Saturday, July 23, 2011

America's Debt Uncertainty (Part I)

  • The Wall Street Journal

You've heard of black swans—events that are unthinkably rare, immensely important, and as unpredictable in advance as they are inevitable in hindsight. Now, with no one ruling out a default or downgrade of U.S. Treasury debt, investors face a new kind of threat: what we will call the neon swan, an event that is unthinkably rare, immensely important and blindingly obvious.

The politicians in Washington have a couple weeks to forestall a disaster that has begun to seem like a certainty. Investors everywhere are perfectly aware of the consequences if Congress and the Obama administration can't strike a deal: The U.S. is likely to lose its privileged triple-A credit rating, and corporate bonds and stocks alike could plummet in response.

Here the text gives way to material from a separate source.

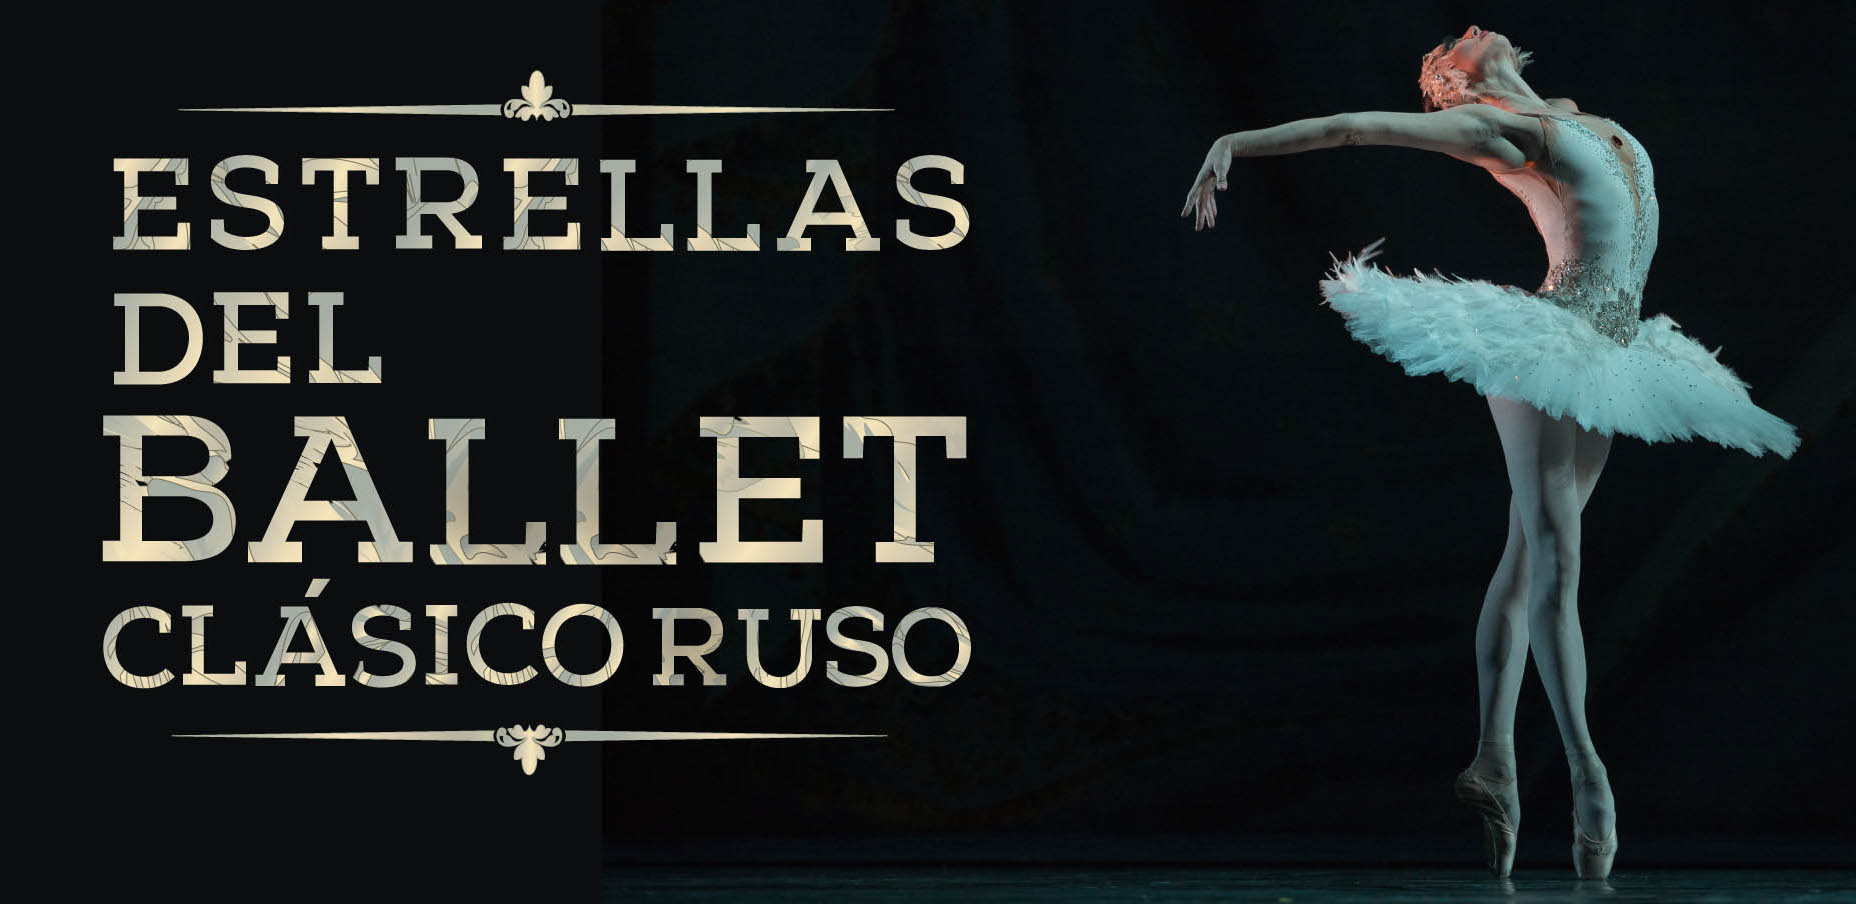 Estrellas del Ballet Clásico Ruso (C)

As Nassim Nicholas Taleb's bestseller "The Black Swan" made clear, the human mind is poorly equipped to prepare us for rare, important and unpredictable events. But maybe our minds—and our markets—aren't very well equipped to protect us against neon swans, either.

Christophe Verlot

Many investors seem to be coping with what seems like an obvious risk simply by closing their eyes.

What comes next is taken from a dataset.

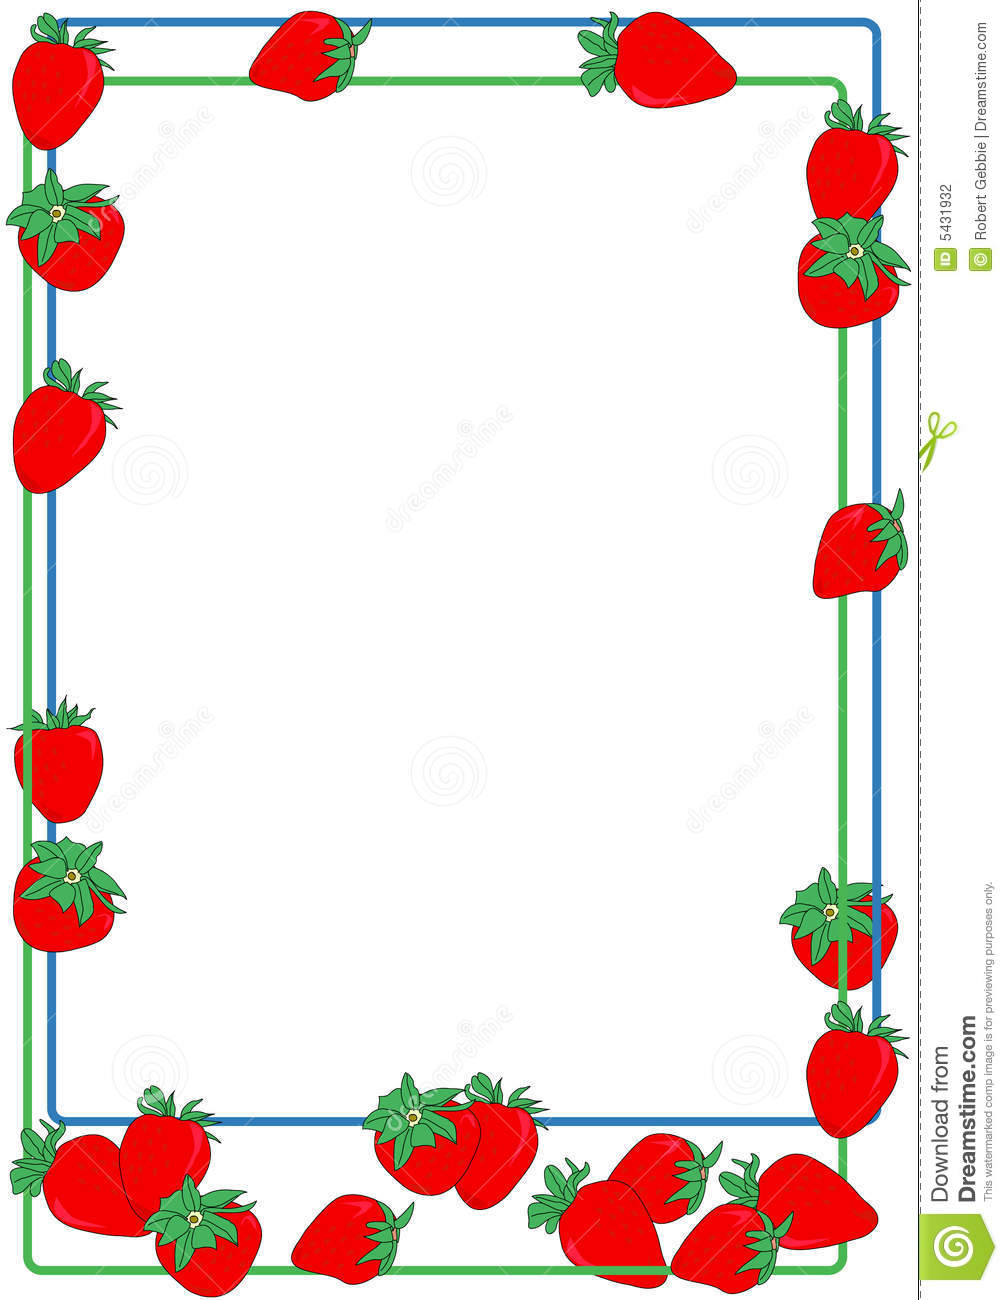 Strawberry clipart border.

Theodore Aronson, a partner at Aronson Johnson Ortiz in Philadelphia, oversees $21 billion in stock investments for 90 institutional clients. In roughly 75 conference calls with clients over the past few weeks, says Mr. Aronson, no one has asked whether a different investing approach is needed in light of the risk that a U.S. debt crisis might make the markets go haywire.

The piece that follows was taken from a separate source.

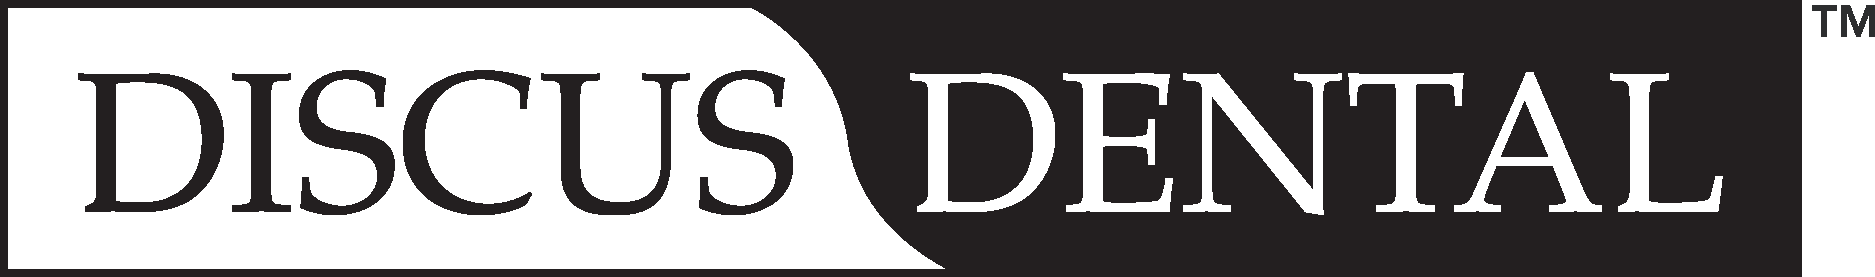 Discus Dental Logo Vector

"I find it amazing," he says, "that we have not gotten a single question or comment about it."

Then again, Mr. Aronson adds, his firm hasn't done anything to protect against the risk of a crisis in the Treasury market. "We've thought about it, but we don't know what to do," he says. "As best we can figure it, there isn't anything we can do."

Some investors are worried enough to ask questions, but not many have taken any action yet, says Paul LaRock, a principal at Treasury Strategies, a Chicago-based firm that helps large corporations manage their cash. "Companies are pulling out their investment policies and rereading them," he says. One major firm on the East Coast, Mr. LaRock says, asked this week whether its investment-policy statement, which places "no limit" on its holdings of U.S. Treasurys in the company's cash balances, needs to be amended to keep the company's coffers secure.

Mr. LaRock says the client is still mulling that question. And, even with disaster seeming inevitable, many investors may be paralyzed by uncertainty. "U.S. government securities have long been the yardstick for measuring the risk of most other investments," he says. "One of the most disturbing things that we all have to get our minds around should the unthinkable happen," he adds, "is that the reference point for pricing securities around the globe could be lost. No one can predict what would happen worldwide."

Not that Treasurys will necessarily get pounded. If the U.S. defaults or its credit rating is downgraded, says William Bernstein of Efficient Frontier Advisors in Eastford, Conn., Treasury prices would probably "go to 97 or 98," losing only a few percentage points in value. "You're not going to wake up one morning over the next couple of weeks and find they're priced at 50 cents on the dollar," says Mr. Bernstein.

"It is absolutely inconceivable that we would flat-out default and not pay anything," he adds. "The worst-case scenario is a very temporary payment problem, and I think the Treasury market knows that."

But the ripple effects could be considerable. Mr. Bernstein expects corporate and municipal bonds to drop much more drastically if the Treasury market is hit by default or downgrade. And stocks, he says, could be massacred. For investors with cash and courage, a crisis in U.S. Treasurys might well pose a historic buying opportunity. If, instead, it turns out to be "like a giant asteroid hitting the earth, Mr. Bernstein says, "then there isn't much of anything that's likely to protect you."

Thus, keeping a sizable balance in short-term Treasurys—the securities that suddenly feel shaky—is probably a good idea in case stocks and bonds go on sale. You can make a sudden move into gold or cash, but they carry risks of their own, especially if the debt crisis somehow gets averted.

It is important not to be complacent. If you are blindsided by bad news that was staring you in the face for weeks before it came to pass, you will feel like a fool. On the other hand, the forces that do the worst damage to markets "are never the ones that you think are going to get you," Mr. Bernstein says. Waiting may well be the wisest course this time. You don't want to ignore a neon swan, but you don't want to overreact to it only to have it swim quietly away.